# Functional Dependencies

If for any given value of x there is only one value for y, or none, then y is functionally dependent on x.

In other words, a given value for x points to a certain value for y. This is written as

x &rarr; y

Note that different values of x can point to the same value y; but a given value of x cannot point to more than one value for y.

In the following table some data about suppliers is stored:

-    each suppliers is identified by an ID
-    a supplier is located in a city
-    the status is an attribute of the supplier; however, it is actually a size code for the city

|ID|	Name 	|City 	|Status|
|--|------------|-------|--------------|
|1 |Smith 	|New York| 	3|
|2 |	Jones 	|New York |	3|
|3 |	Black 	|Los Angeles |	3|
|4 |	Brown 	|Denver |	2|
|5 |	White 	|Denver 	|2|
|6 |	Green 	|Salem |	1|

For the table above we have ID &rarr; NAME, STATUS, CITY 
and CITY &rarr; STATUS

When we look at functional dependencies, we distinguish between:

(a) the value of a relation or table at some point in time

(b) the set of all possible values of a relation

We are usually interested in (b).

Functional dependencies are fundamental for practical applications.
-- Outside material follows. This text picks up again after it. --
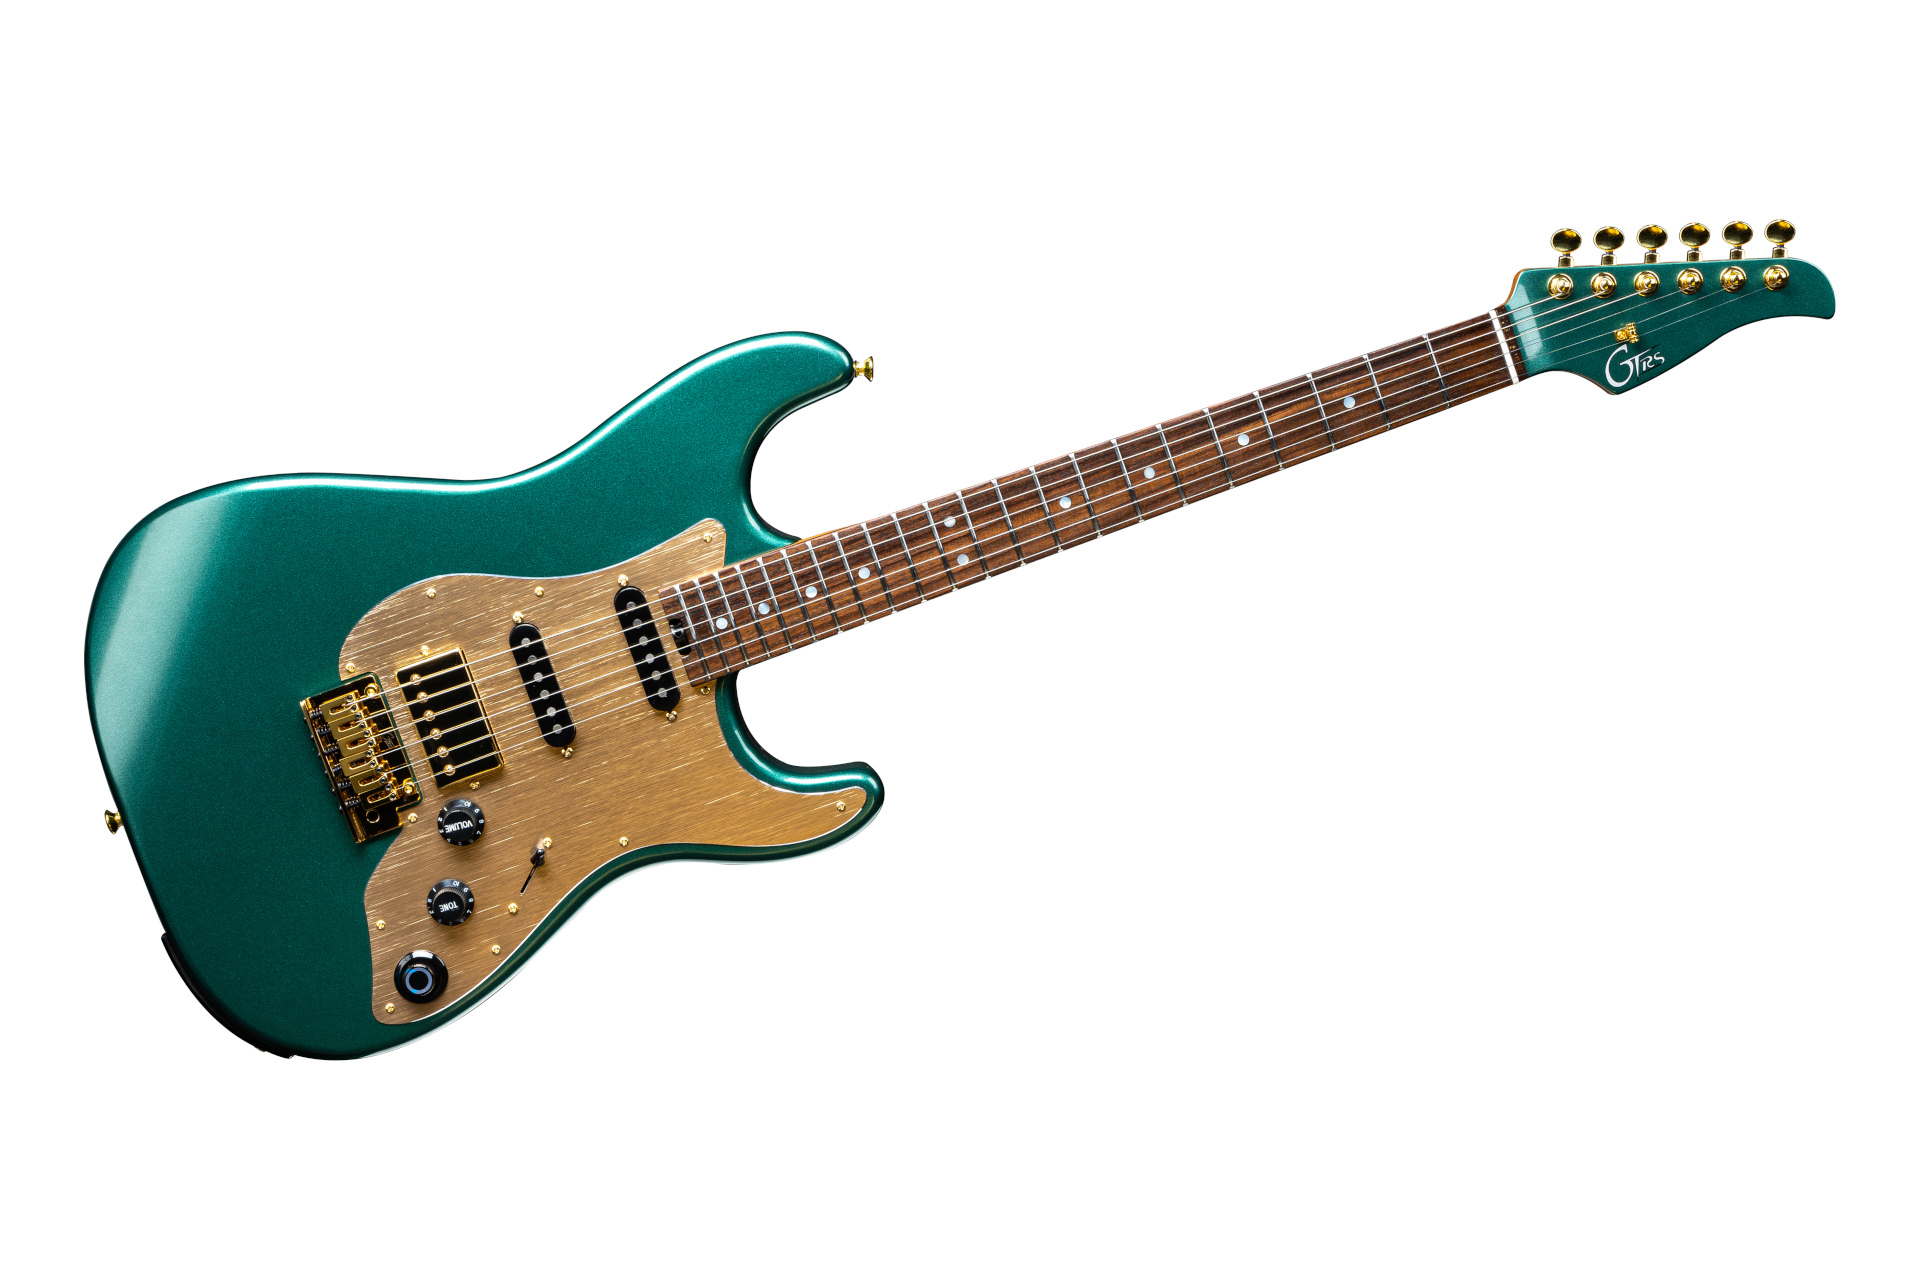 Mooer GTRS Guitars Standard 900 Intelligent Guitar (S900) with Wireless System - Racing Green

A good table design helps to automatically enforce functional dependencies.

## Deriving Functional Dependencies

Given a set of functional dependencies we can derive further 
FDs that must also hold, e.g. given

ID &rarr; NAME, STATUS, CITY

we can derive (among others):

- ID &rarr; NAME
- ID &rarr; NAME, STATUS
- ID &rarr; STATUS, CITY

### Trivial Dependencies

Trivial Dependencies: e.g. ID &rarr; ID

A FD is trivial if the right-hand side is a subset of the left-hand side.

## Armstrong Axioms

These axioms give us a set of rules to manipulate functional dependencies.

Let A, B, C arbitrary subsets of attributes of relation R, and denote AB the union of A and B.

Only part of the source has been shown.